Pied Wheatear (Oenanthe pleschanka)

Pied Wheatear

Pied Wheatear (Oenanthe pleschanka)

[order] PASSERIFORMES | [family] Muscicapidae | [latin] Oenanthe pleschanka | [UK] Pied Wheatear | [FR] Traquet pie | [DE] Nonnen-Steinschmatzer | [ES] Collalba pia | [NL] Bonte Tapuit


Monotypic species

Physical charateristics

Pied Wheaear of distinctly lighter build than Northern Wheeatear with slightly shorter bill and wings and 15% shorter legs, but with tail longer and proportionately appearing more so.
In spring, crown and wide nape white, with faint silver or buff tone most obvious from behind and becoming grey with wear. Face, chin, throat, upper breast, sides of neck, shoulder area, back, and wings black.
Lower breast, underbody, rump, and upper tail-coverts white, variably tinged buff. Axillaries and under wing-coverts black, contrasting with dusky undersurface to flight-feathers.
Tail with black central feathers and black tips to outer ones, tips noticeably longer and extending further up tail towards outermost. Sexes markedly dissimilar in breeding plumage.

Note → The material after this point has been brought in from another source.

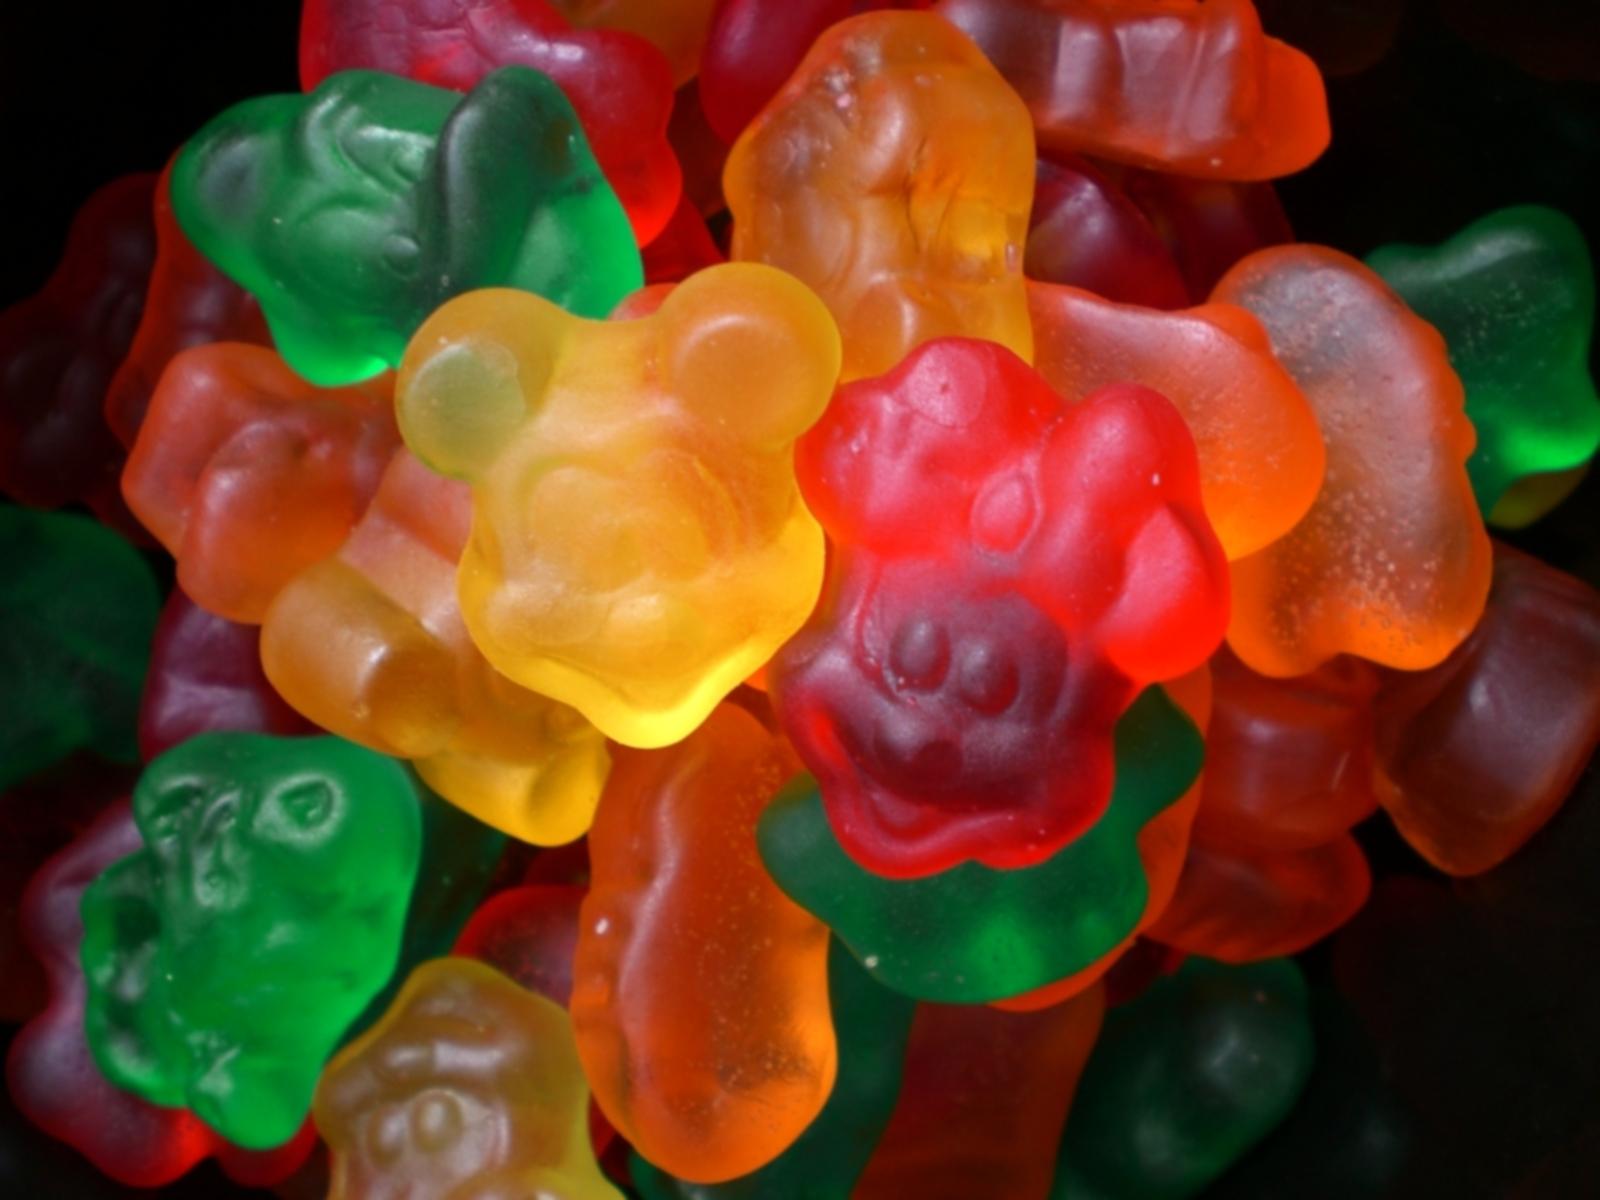 Gummickey, Bspo06, Candy, Gummy, Jelly, HQ Photo

Listen to the sound of Pied Wheatear

[audio:http://www.aviflevoland.nl/sounddb/P/Pied Wheatear.mp3]

Copyright remark: Most sounds derived from xeno-canto

wingspan min.: 25 cm wingspan max.: 27 cm
size min.: 14 cm size max.: 15 cm
incubation min.: 13 days incubation max.: 14 days
fledging min.: 13 days fledging max.: 14 days
broods: 1   eggs min.: 4  
      eggs max.: 6  


Eurasia : Southcentral


Approximately replaces Black-eared Wheatear in continental mid latitudes of eastern sector of west Palearctic, through warmer temperate and steppe zones, largely in lowland but ranging up to 1800 m.
Typically occupies desolate stony stretches with scattered boulders and more seldom fallow fields at margin of small cultivated areas.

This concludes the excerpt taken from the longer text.